- _Dataset content_:
....
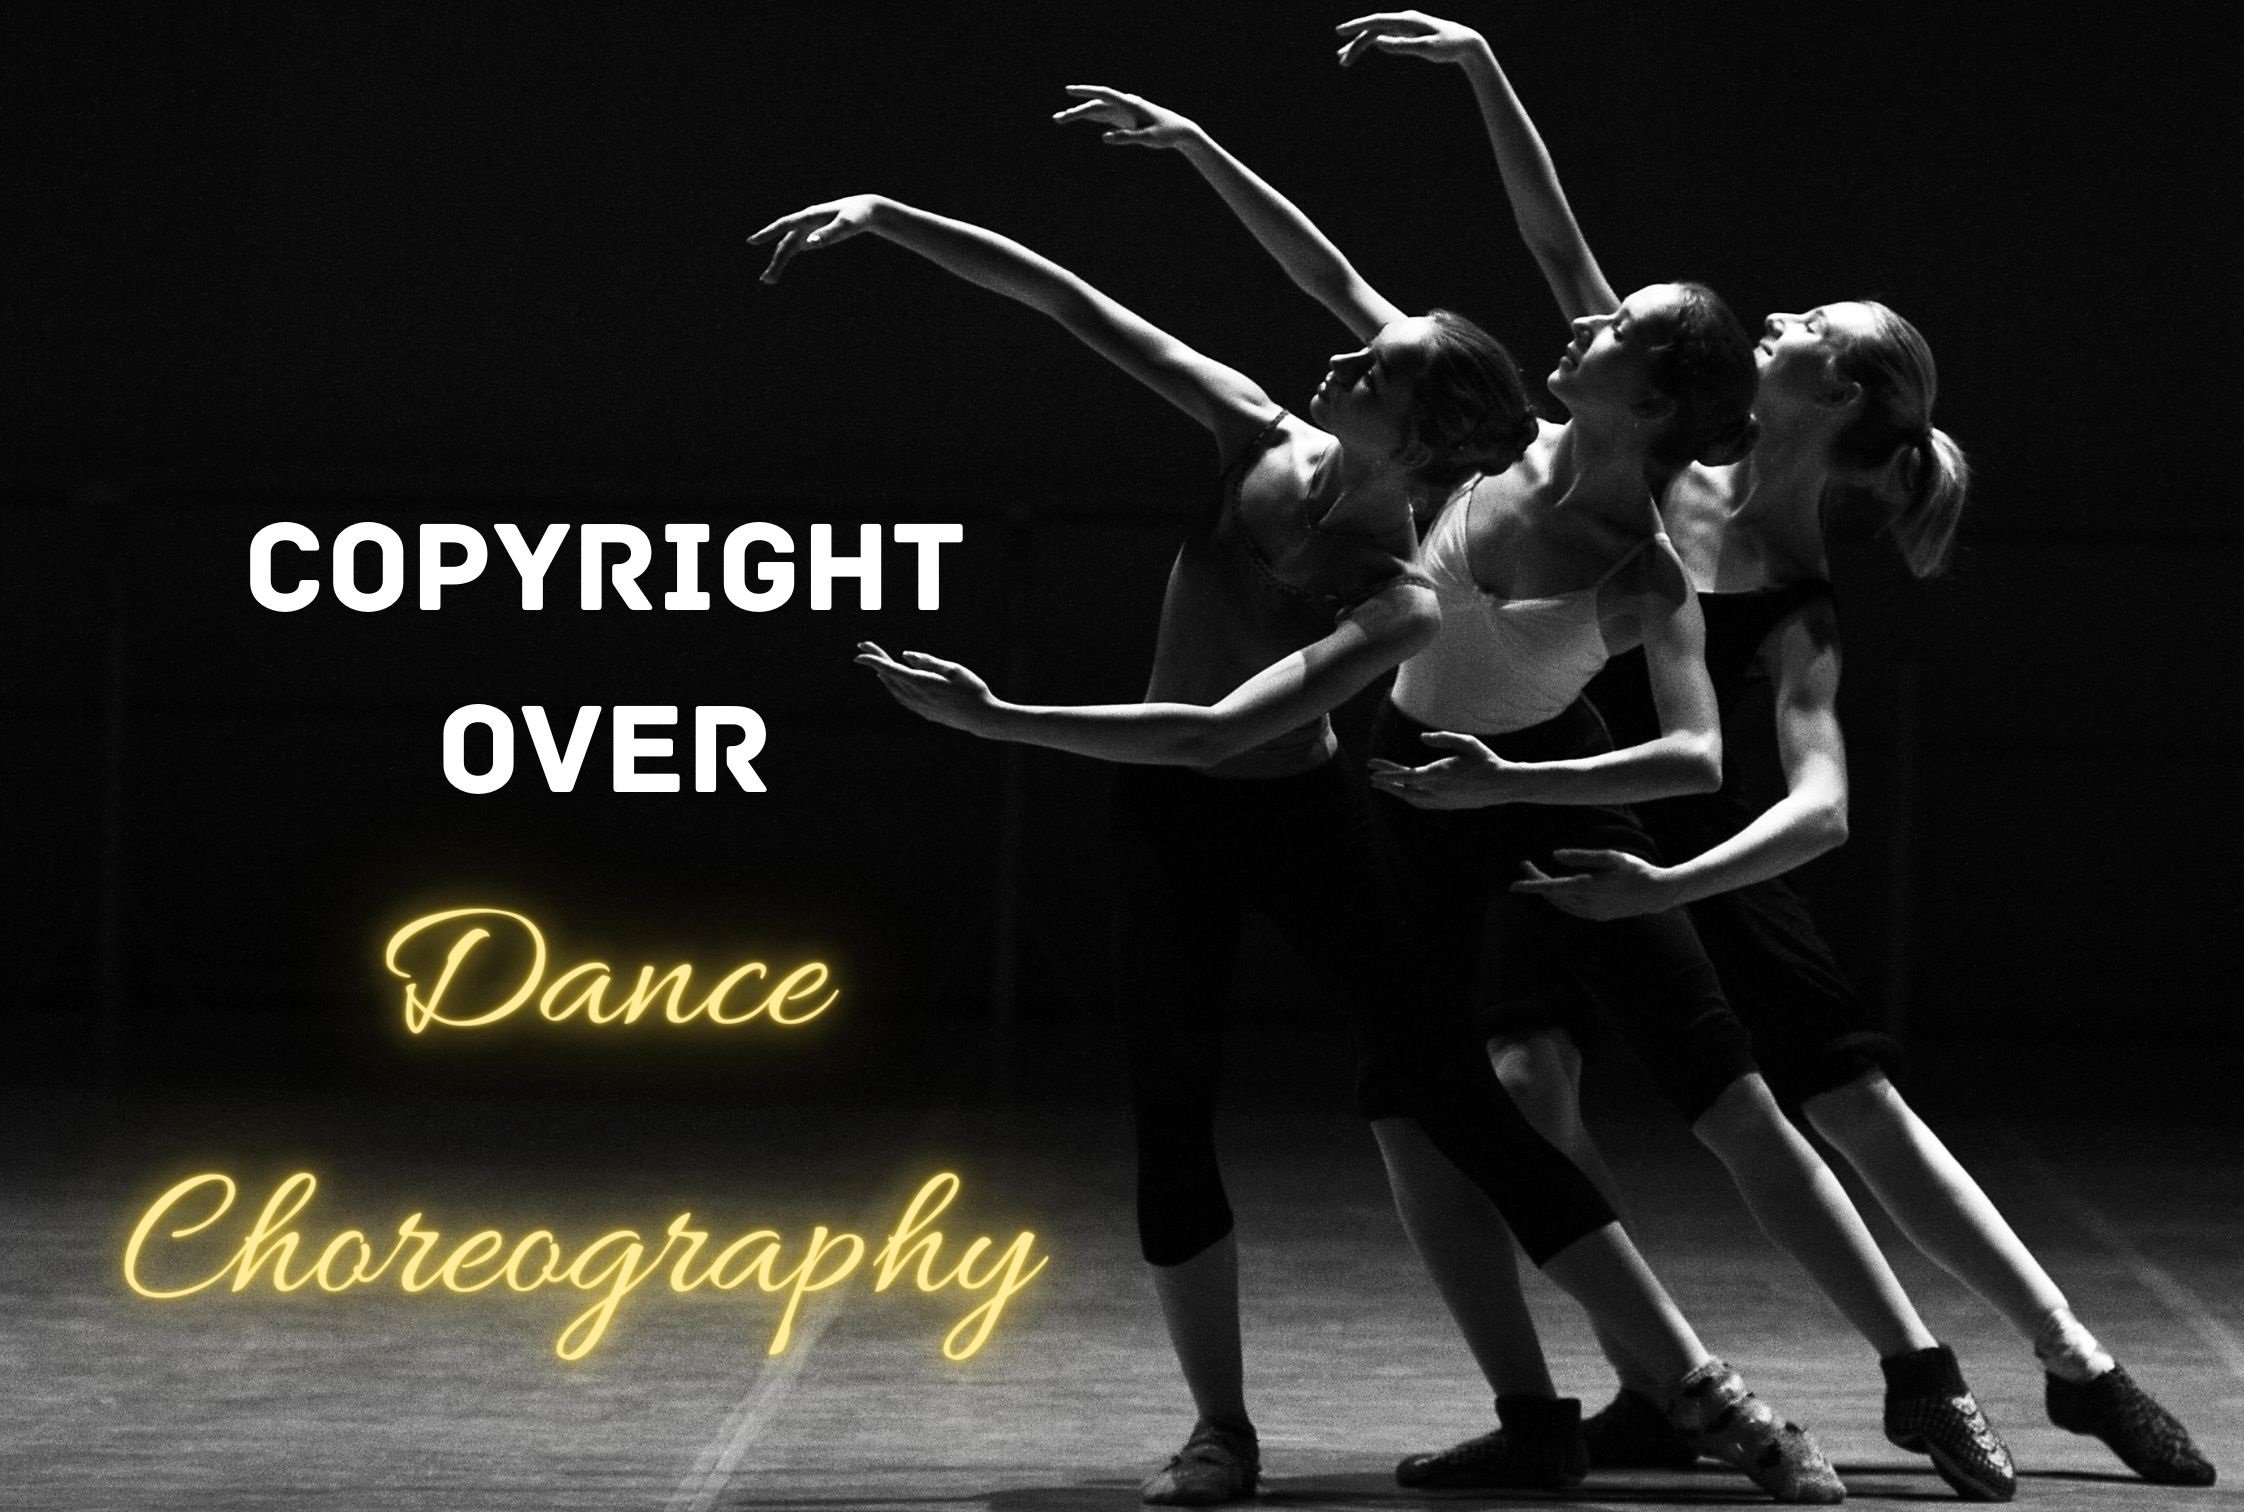 COPYRIGHT OVER DANCE CHOREOGRAPHY
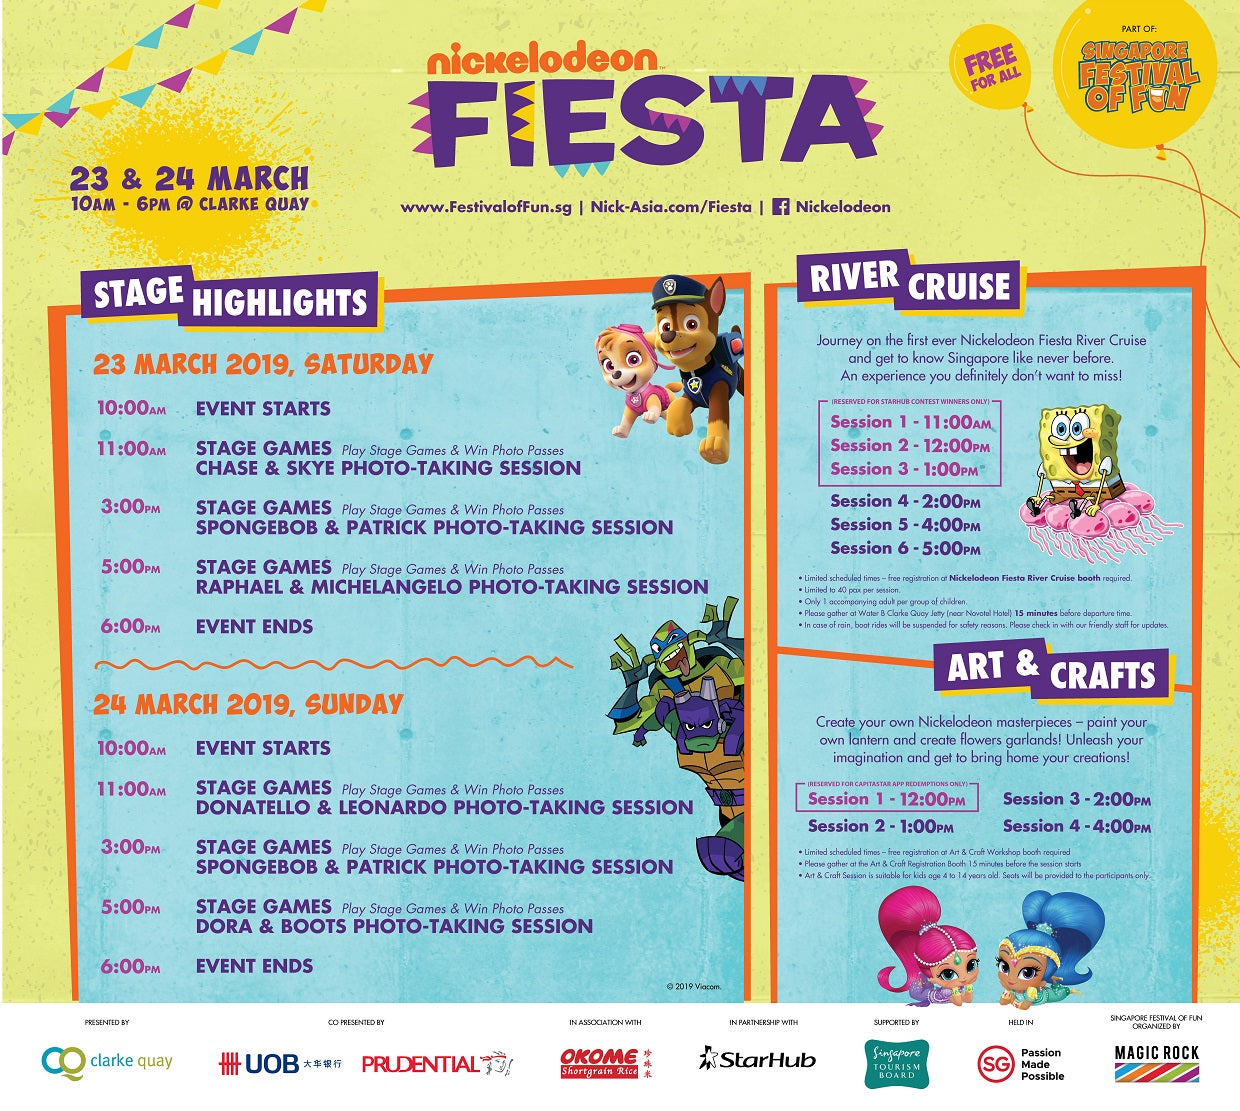 Singapore Festival of Fun - Nickelodeon Fiesta
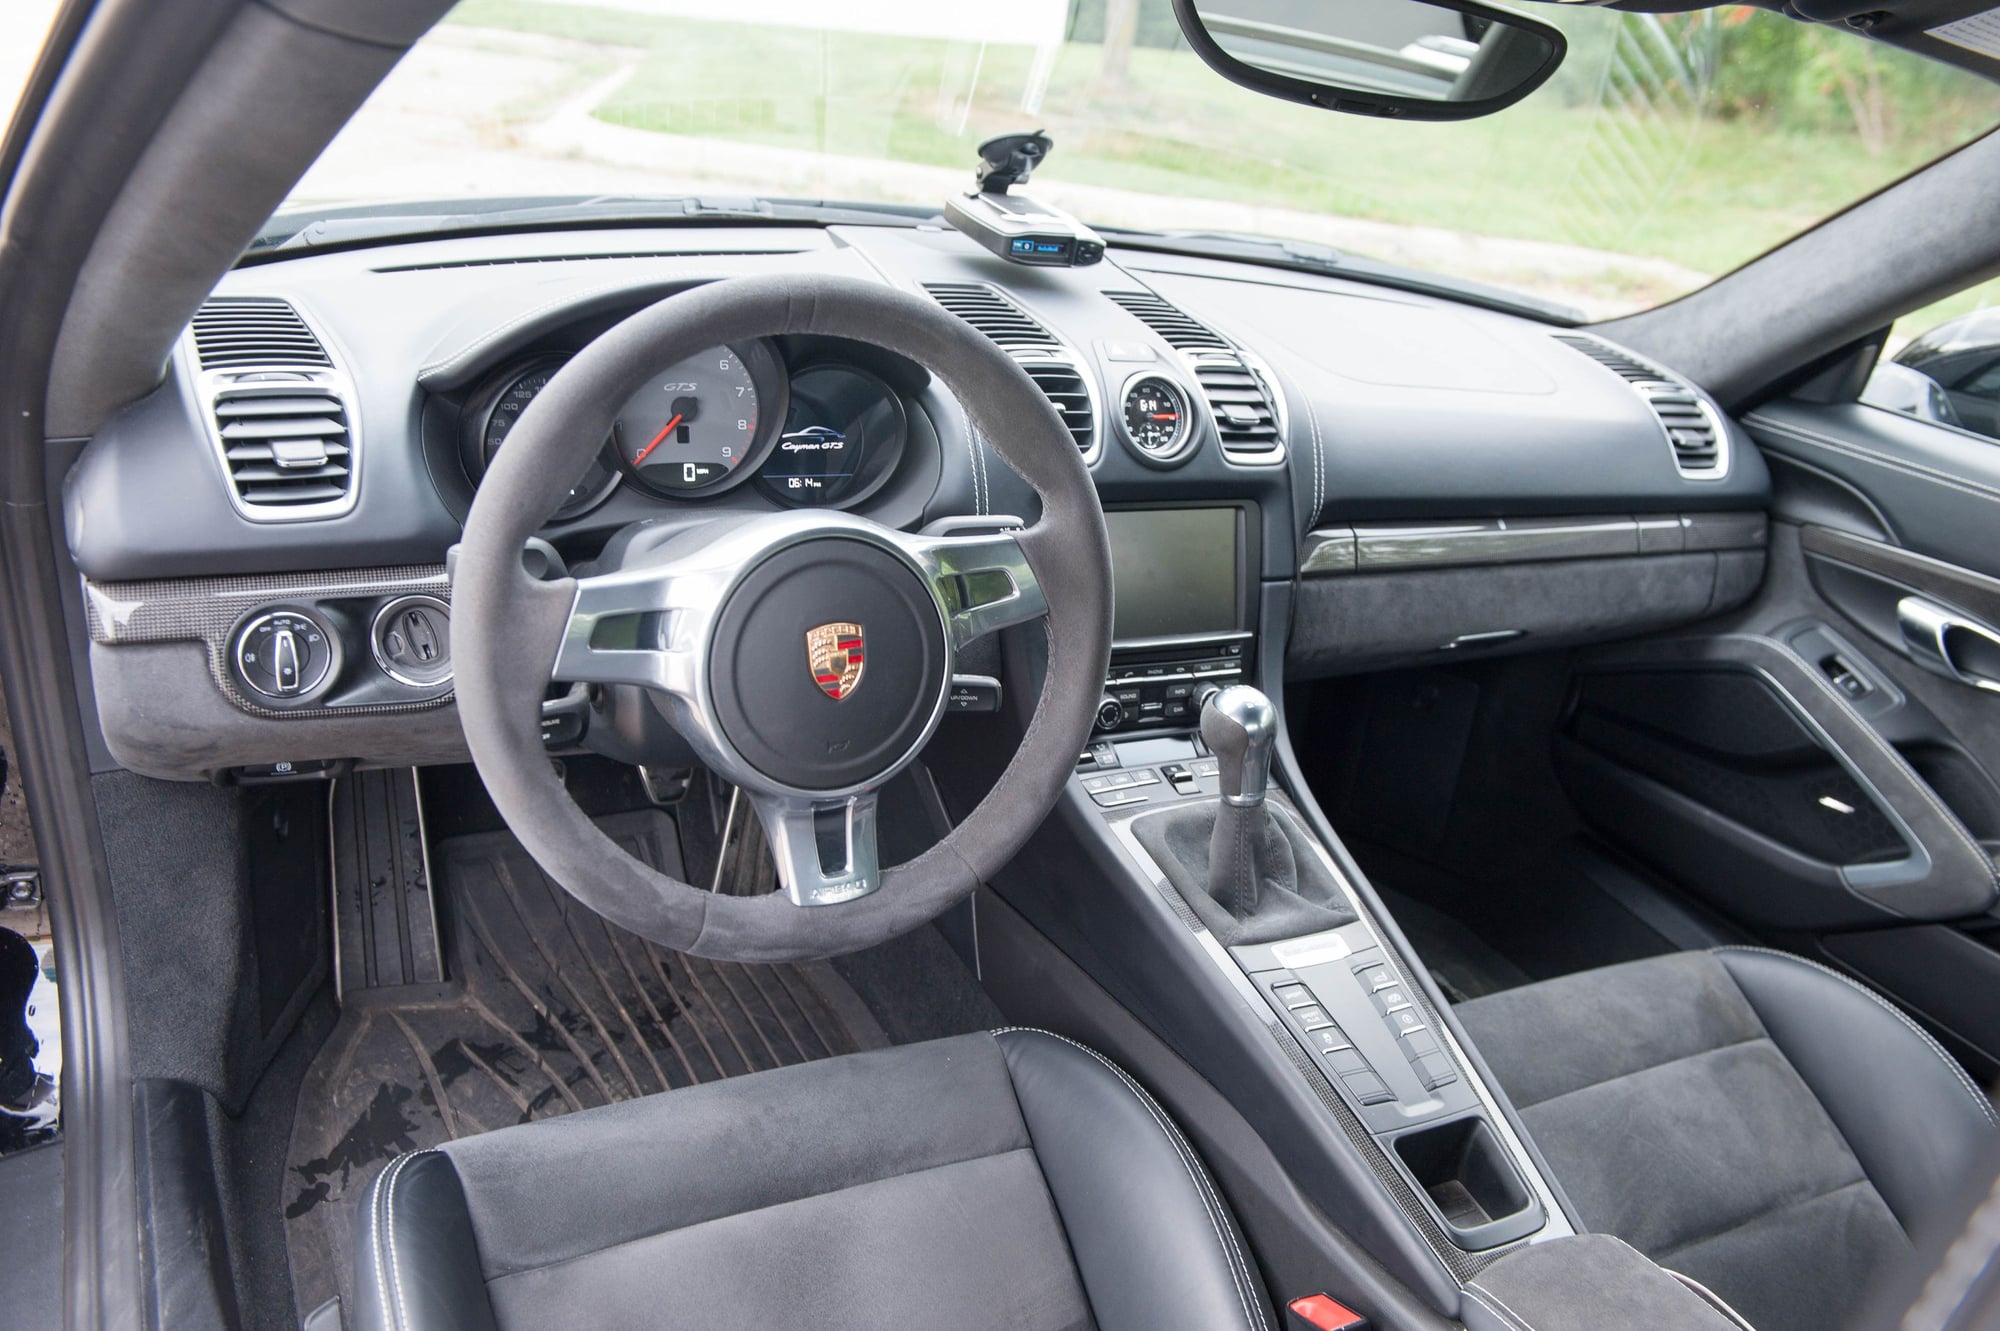 2015 Porsche Cayman - 2015 Porsche Cayman GTS 6 speed Manual - Used - VIN WP0AB2A89FK181613 - 31,000 Miles - 6 cyl - 2WD - Manual - Coupe - Black - Novi, MI 48375, United States
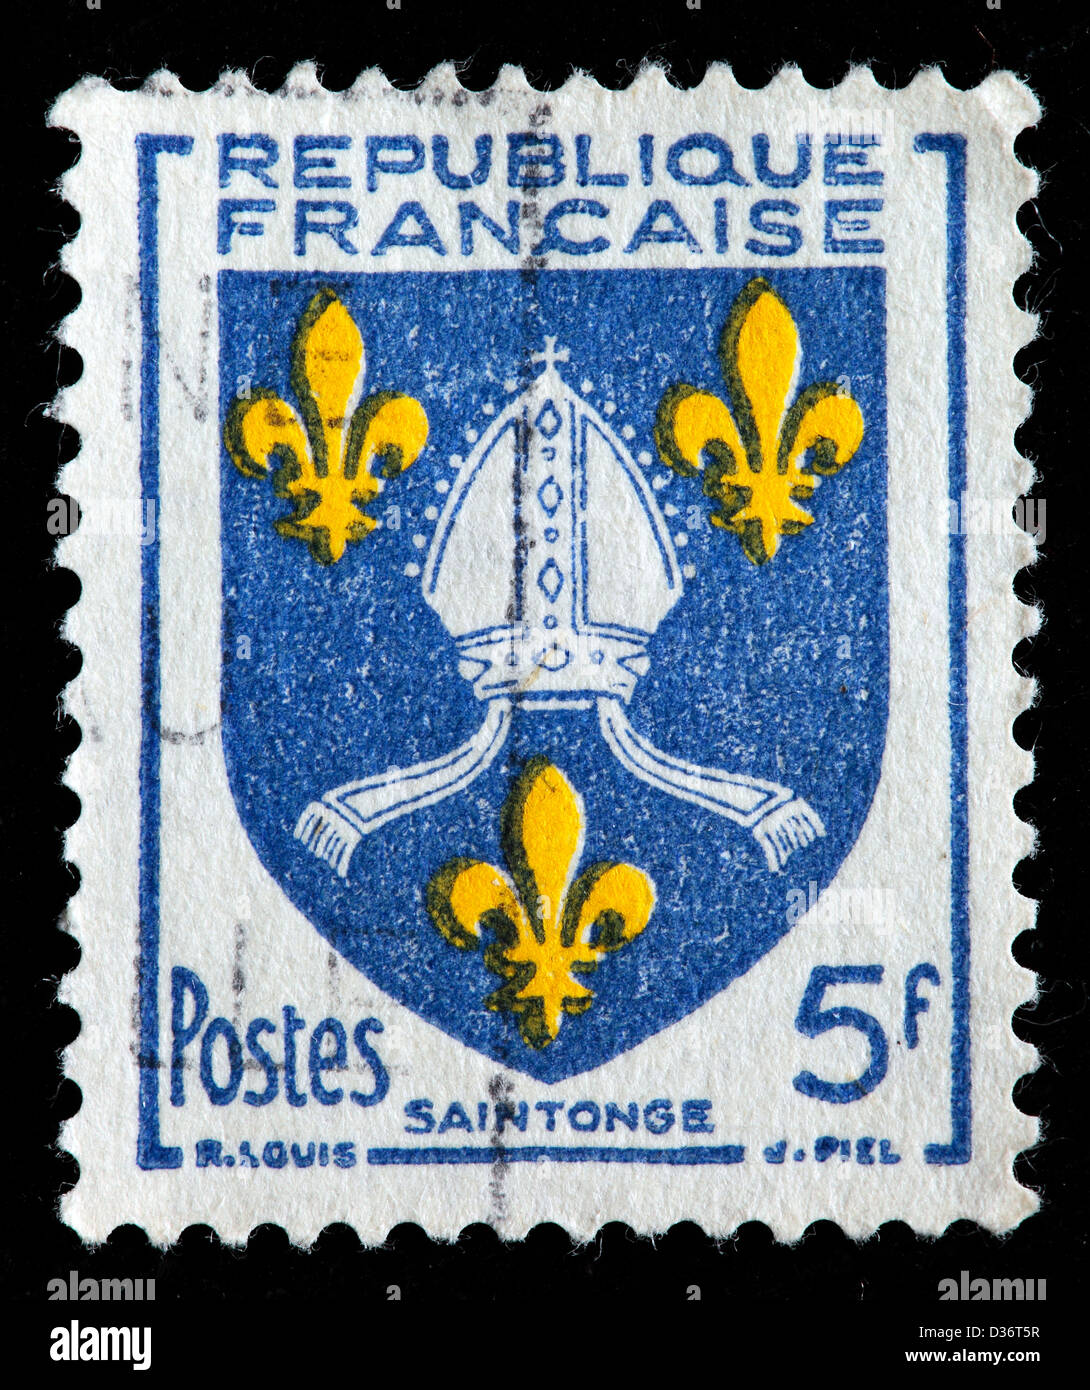 Arms of Saintonge, postage stamp, France, 1958 Stock Photo
....
- _How to complete this task_: Copy the listing in full and without alteration, omitting every picture.

- _Answer for this exercise_:
 COPYRIGHT OVER DANCE CHOREOGRAPHY
 Singapore Festival of Fun - Nickelodeon Fiesta
 2015 Porsche Cayman - 2015 Porsche Cayman GTS 6 speed Manual - Used - VIN WP0AB2A89FK181613 - 31,000 Miles - 6 cyl - 2WD - Manual - Coupe - Black - Novi, MI 48375, United States
 Arms of Saintonge, postage stamp, France, 1958 Stock Photo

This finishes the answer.